*WHAT THE TASK REQUIRES*
A word-for-word copy of the listing, free of images, is the expected answer.

*DATASET EXTRACT*

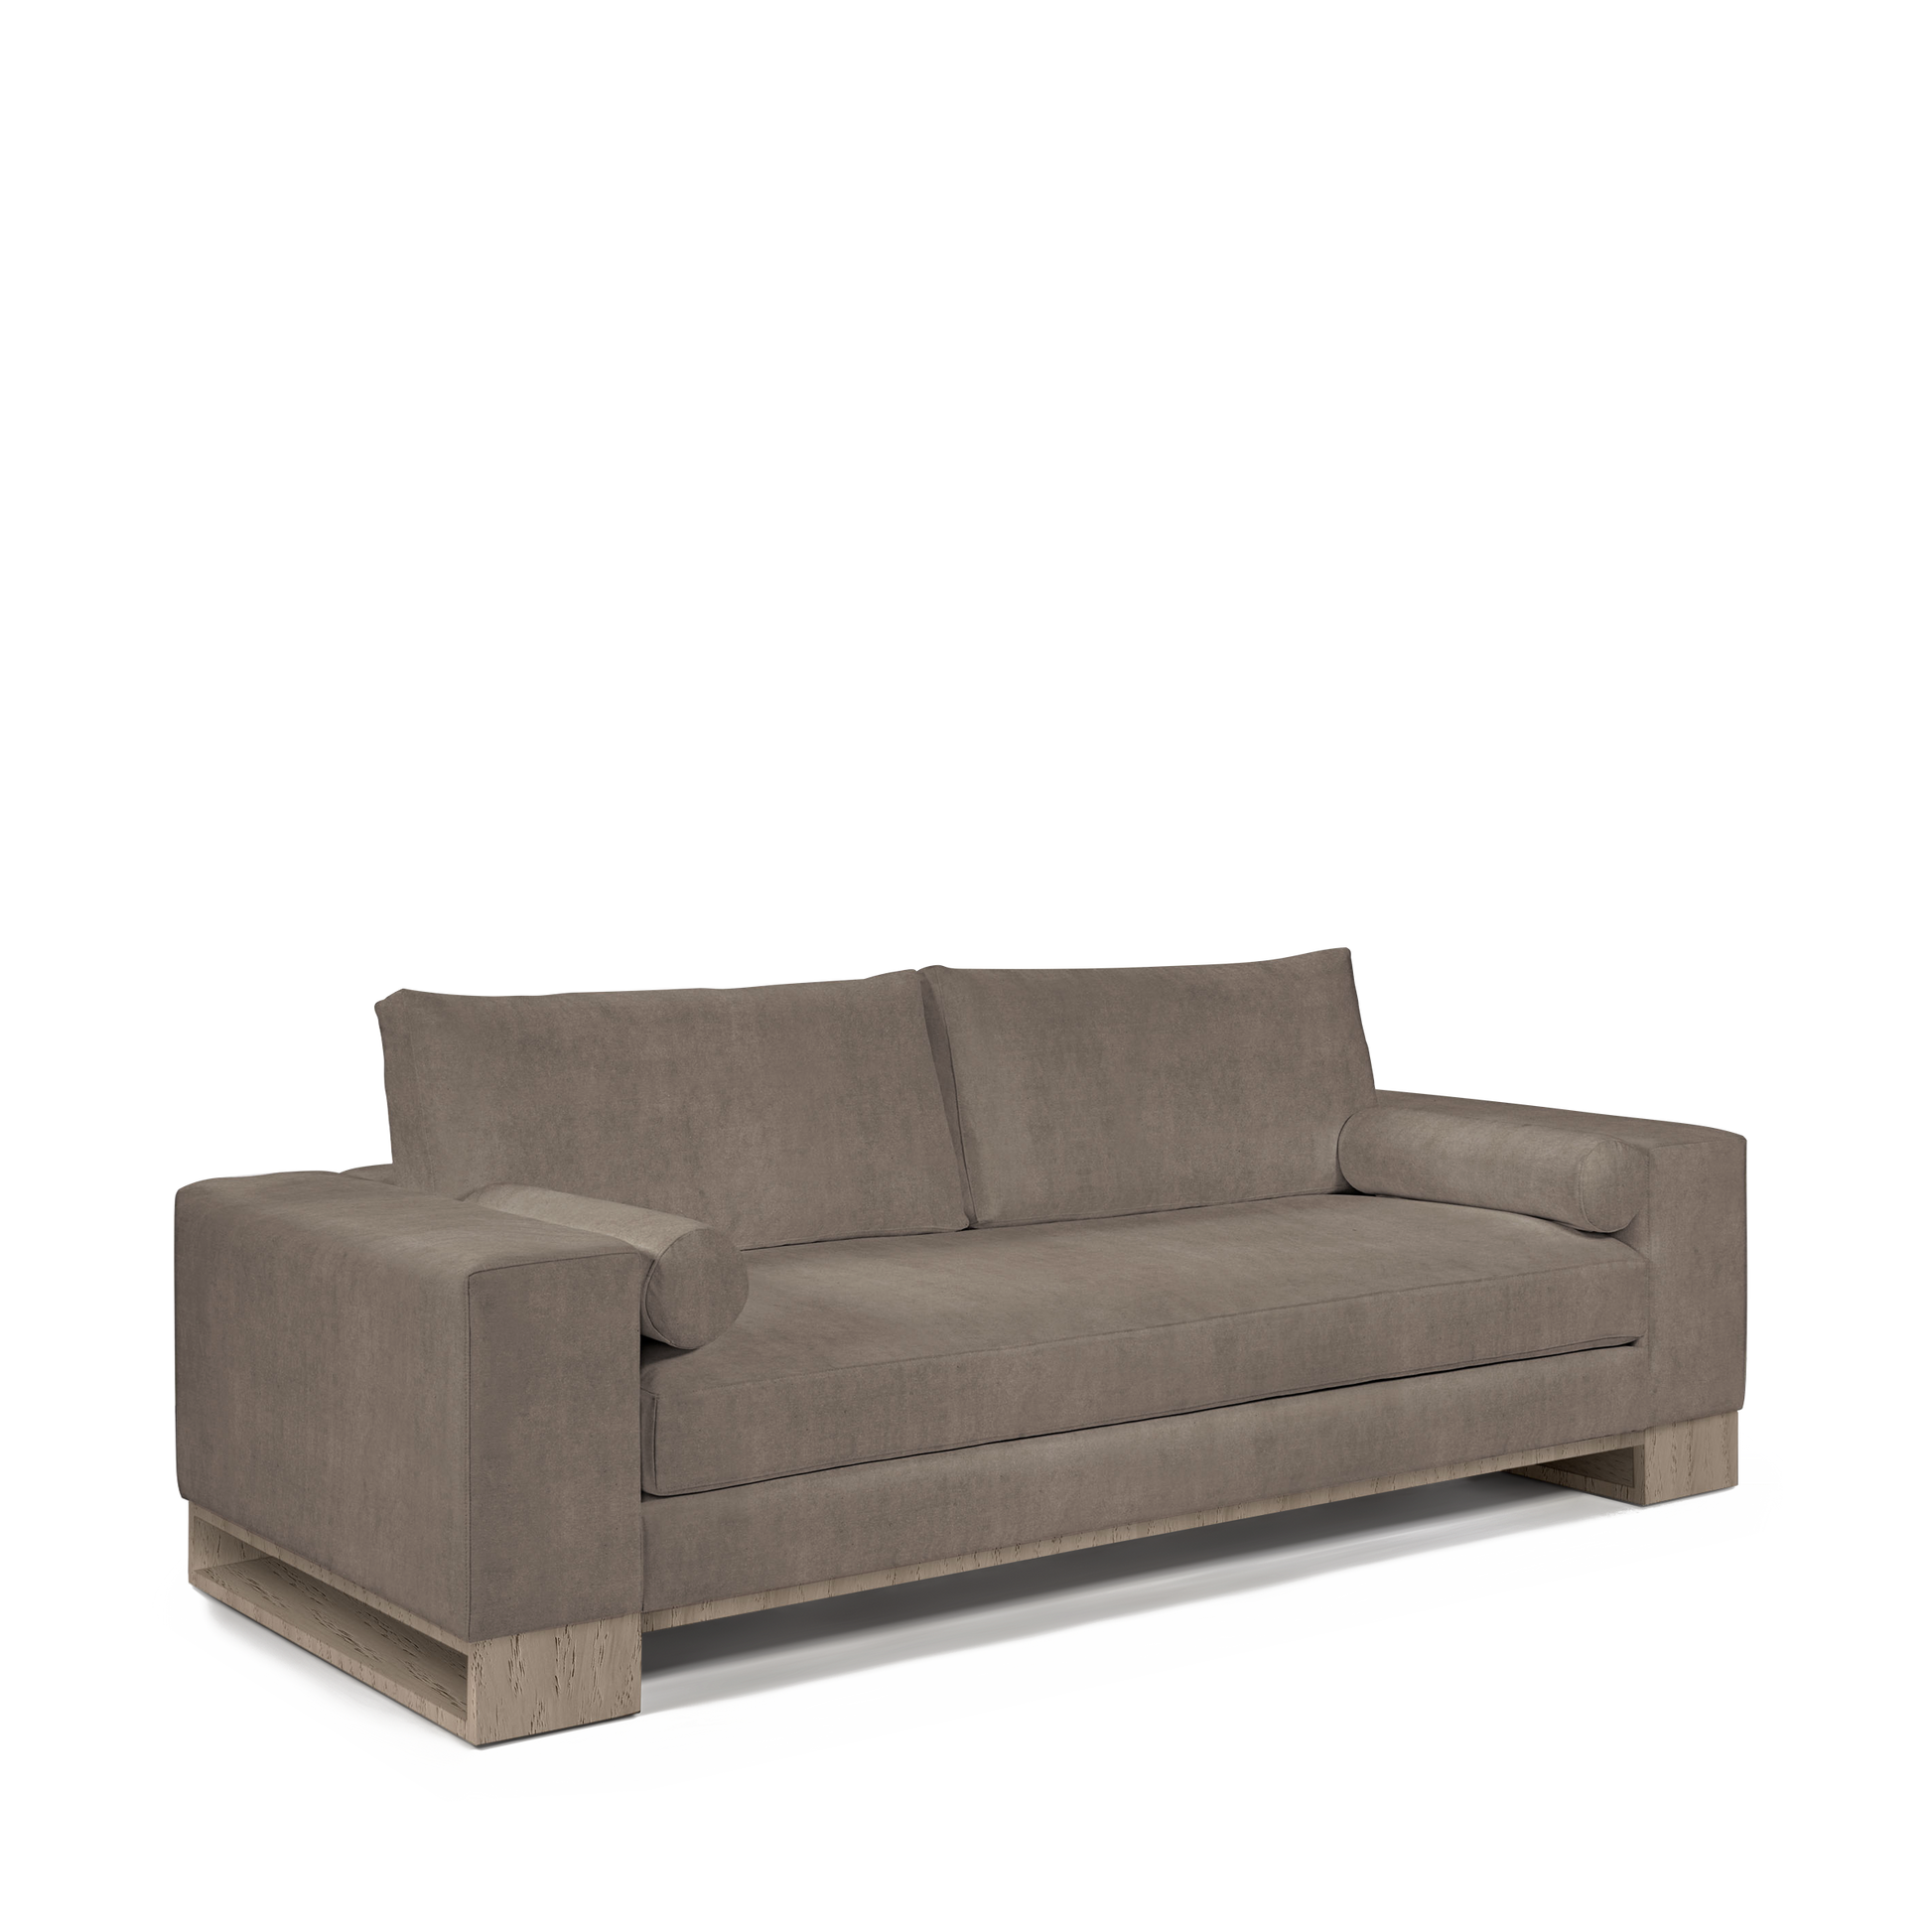 TERRA 2,5-seater sofa with suede grey textile and natural grey wood legs 
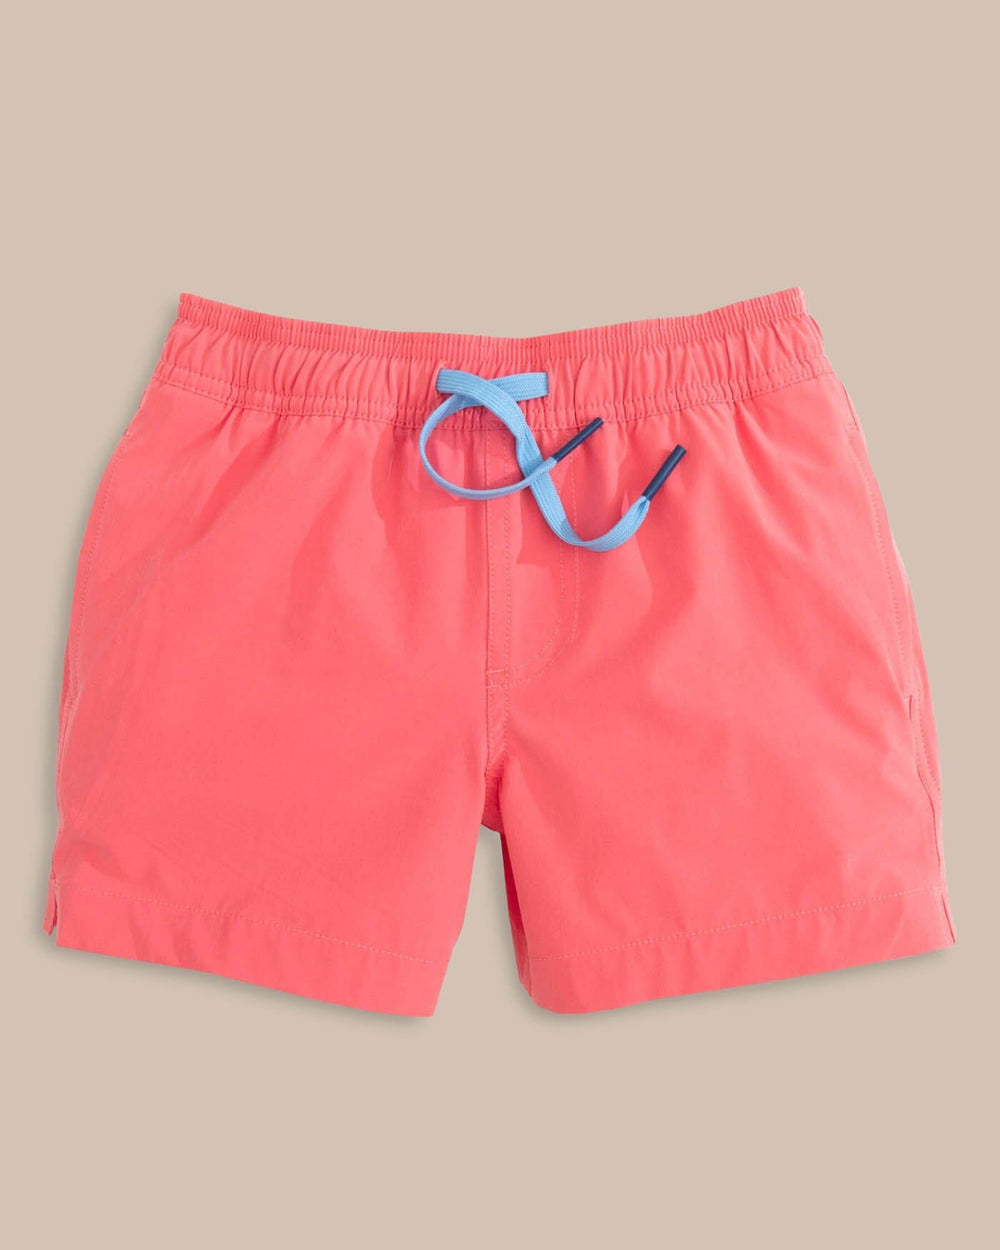 The front view of the Southern Tide Boys Solid Swim Truck 2 0 by Southern Tide - Sunkist Coral
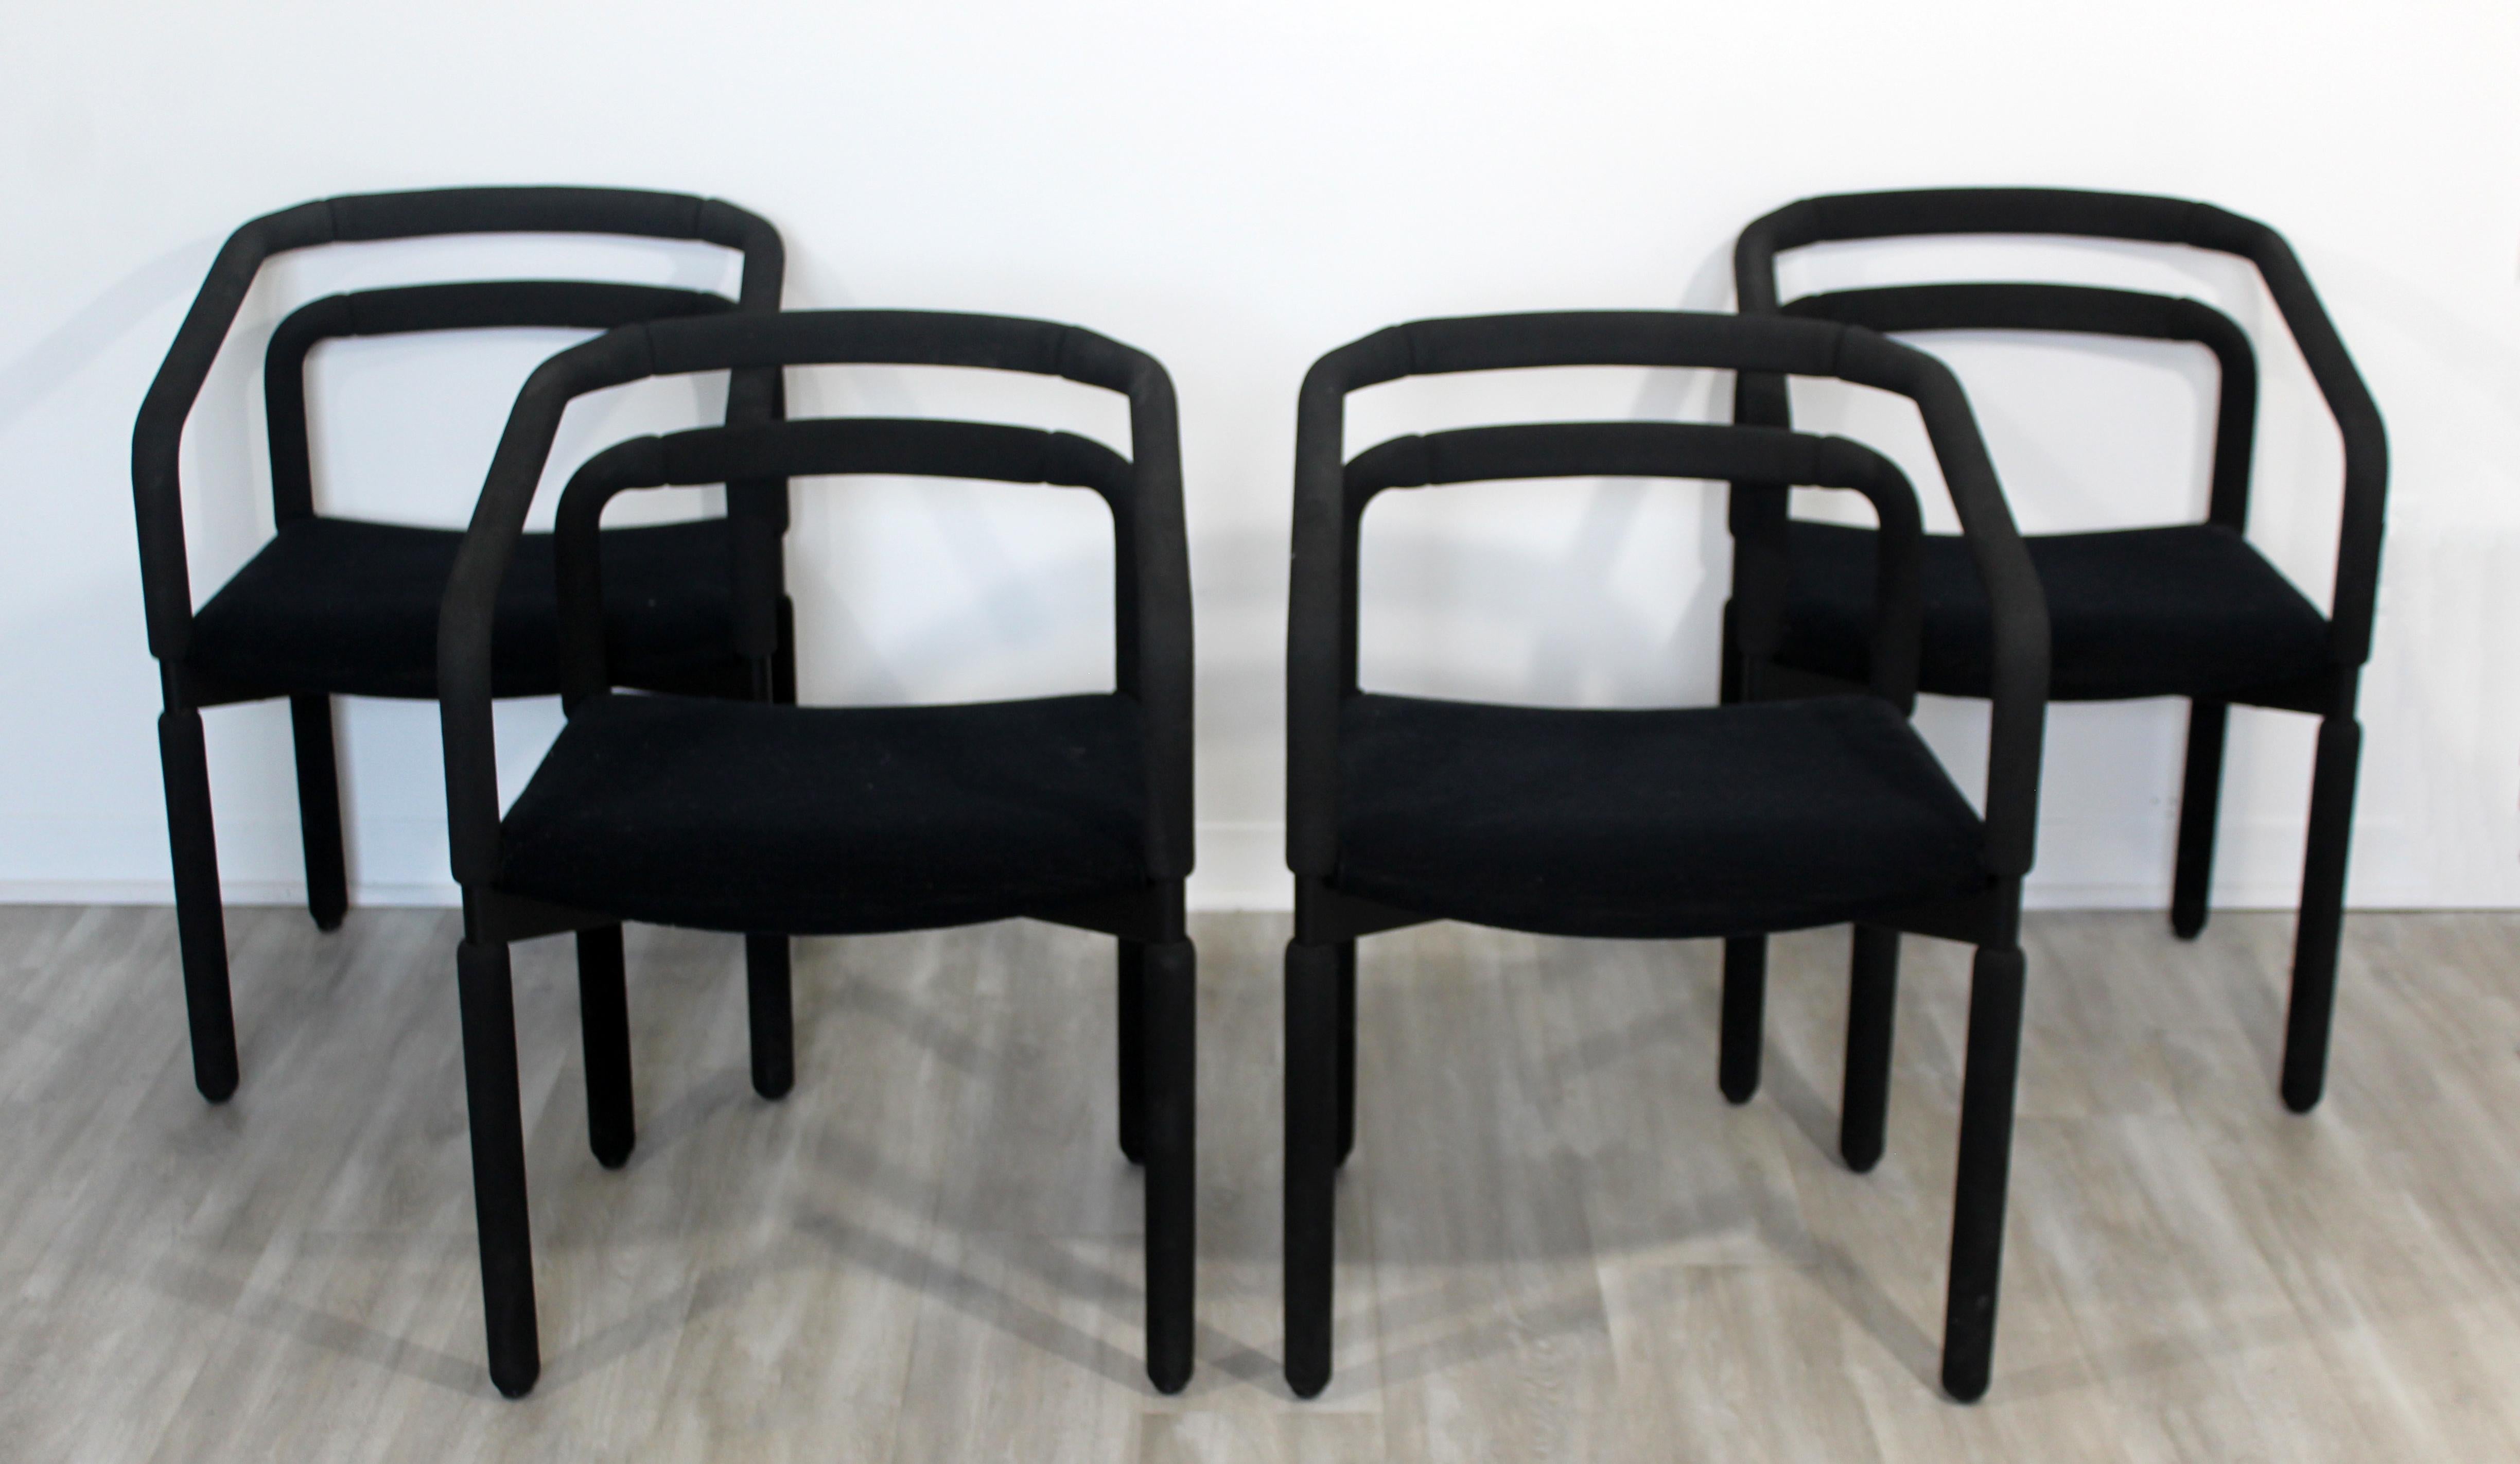 For your consideration is a fantastic set of four black, dining armchairs, with Knoll tags, by Metrolitan Furniture, Braemar, circa 1987. In very good vintage condition. The dimensions are 21.5

*RESPONSE*
 TERRA 2,5-seater sofa with suede grey textile and natural grey wood legs 
 The front view of the Southern Tide Boys Solid Swim Truck 2 0 by Southern Tide - Sunkist Coral
 For your consideration is a fantastic set of four black, dining armchairs, with Knoll tags, by Metrolitan Furniture, Braemar, circa 1987. In very good vintage condition. The dimensions are 21.5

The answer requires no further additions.